II. TINJAUAN PUSTAKA 2.1 Ikan Kerapu Macan

advertisement
II. TINJAUAN PUSTAKA
2.1 Ikan Kerapu Macan Epinephelus fuscoguttatus
Ikan kerapu tergolong dalam famili Serrenidae, tubuhnya tertutup oleh
sisik-sisik kecil. Kebanyakan hidup di perairan terumbu karang dan sekitarnya,
adapula yang hidup di sekitar muara sungai. Menurut Nontji (1987) nama kerapu
biasanya digunakan untuk empat genus anggota famili Serranidae yaitu
Epinephelus, Variola, Plectropomus dan Cromileptes. Sebagian besar genus
anggota Serranidae hidup di perairan relatif dangkal dengan dasar terumbu
karang, tetapi beberapa jenis diantaranya dapat ditemukan pada kedalaman
sekitar 300 meter. Ikan kerapu macan (Epinephelus fuscoguttatus) menurut
Heemstra dan Randall (1993) memiliki sistematika yaitu :
Phylum
: Chordata
Subphylum
: Vertebrata
Class
: Osteichtyes
Subclass
: Actinopterygii
Ordo
: Percomorphi (Perciformes)
Sub ordo
: Percoidea
Family
: Serranidae
Genus
: Epinephelus
Spesies
: Epinephelus fuscoguttatus
Gambar 1. Ikan Kerapu Macan Epinephelus fuscoguttatus (BBPBL 2002)
Ikan kerapu genus Epinephelus tubuhnya ditutupi oleh bintik – bintik
berwarna coklat, merah atau putih, sirip ekor berbentuk bundar, bentuk tubuhnya
agak rendah, moncong panjang memipih dan menajam (Gambar 1.). Ikan kerapu
merupakan karnivora dan cara makannya dengan menangkap makanan sebelum
sampai ke dasar. Pakan yang paling disukai jenis Crustacea (rebon, dogol, dan
krosok) untuk ikan muda atau benih, selain itu jenis ikan-ikan (tembang, teri dan
belanak) bagi ikan kerapu yang lebih dewasa. Rotifer, krustacea kecil, kopepoda
dan zooplankton pakan untuk larva kerapu.
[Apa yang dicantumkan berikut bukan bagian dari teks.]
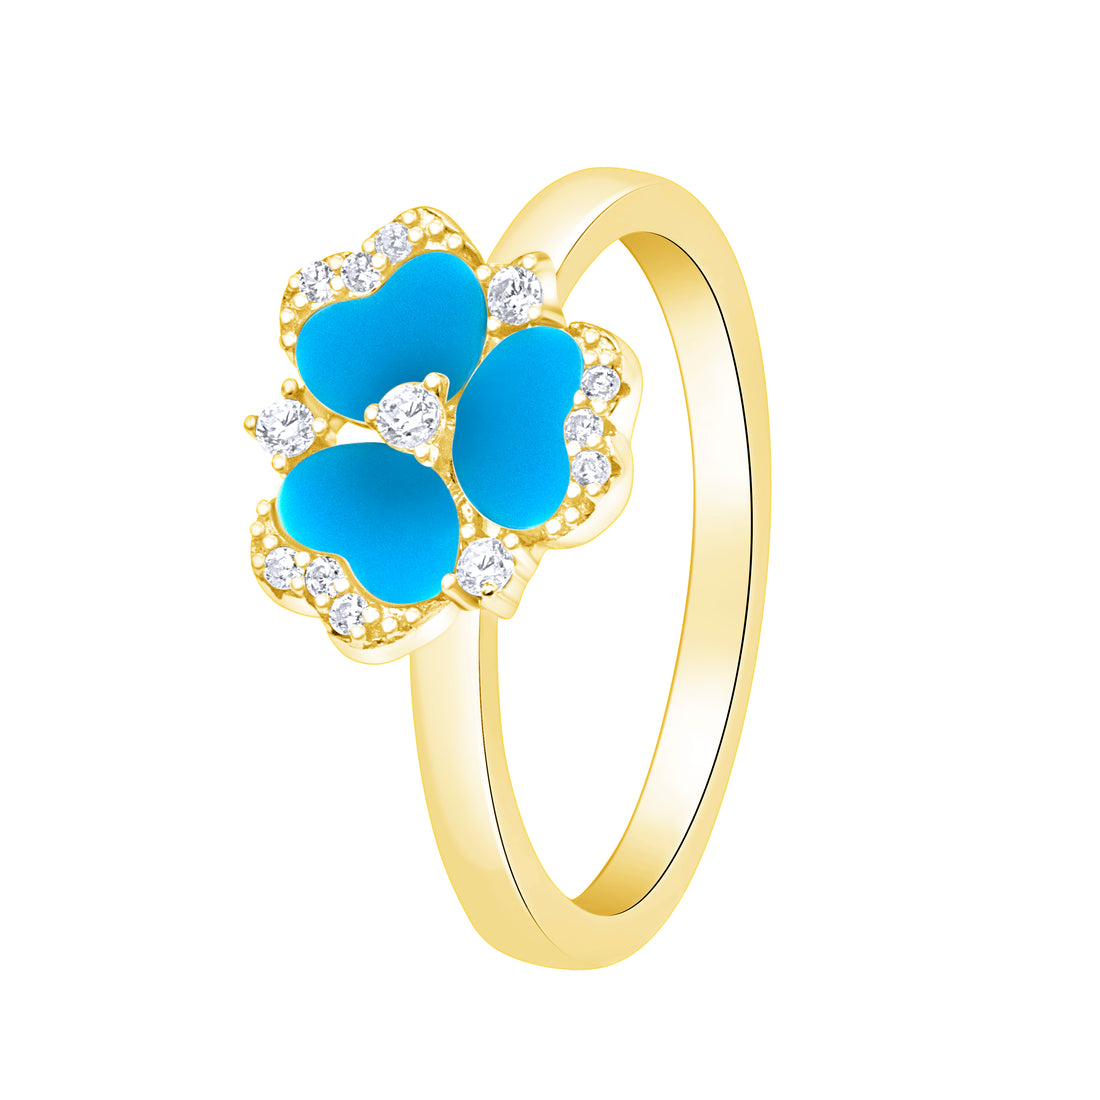 Violet Blue Gold Color Ring

Kerapu mempunyai kebiasaan
makan pada siang dan malam hari, lebih aktif pada waktu fajar dan senja hari
(Tampubolon dan Mulyadi 1989 dalam BBPBL 2002).
2.2 Penyakit Ektoparasit pada Ikan Kerapu Macan
Ektoparasit yang umumnya menyerang ikan kerapu macan ada 3
golongan yaitu protozoa, crustacea dan trematoda. Untuk protozoa jenis parasit
yang biasa menginfeksi adalah Trichodina sp. (insang), dan Cryptocaryon irritans
(insang dan kulit). Kemudian dari golongan Crusatacea jenis parasitnya adalah
Caligus sp. Untuk trematoda jenis parasitnya terdiri dari Benedia sp.,
Neobenedenia sp., Diplectanum sp. dan Haliotrema sp (BBPBL 2002)
Cryptocaryon sp.
Cryptocaryon sp. (Gambar 2) jika menginfeksi tubuh ikan akan terlihat
bercak putih.menampakkan pada tubuh ikan yang tersering terlihat bercak putih.
Stadia parasit yang menginfeksi ikan dan menimbulkan penyakit adalah disebut
trophont berbentuk seperti kantong atau genta berukuran antara 0.3-0.5 mm, dan
dilengkapi dengan silia. Tanda klinis ikan yang terserang adalah ikan seperti ada
gangguan pernafasan, bercak putih pada kulit, produksi mukus yang berlebihan,
kadang disertai dengan hemoragi, kehilangan nafsu makan sehingga ikan
menjadi kurus. Erosi (borok) dapat terjadi karena infeksi sekunder dari bakteri
(Balai Besar Pengembangan Budidaya Air Payau Jepara, 2004).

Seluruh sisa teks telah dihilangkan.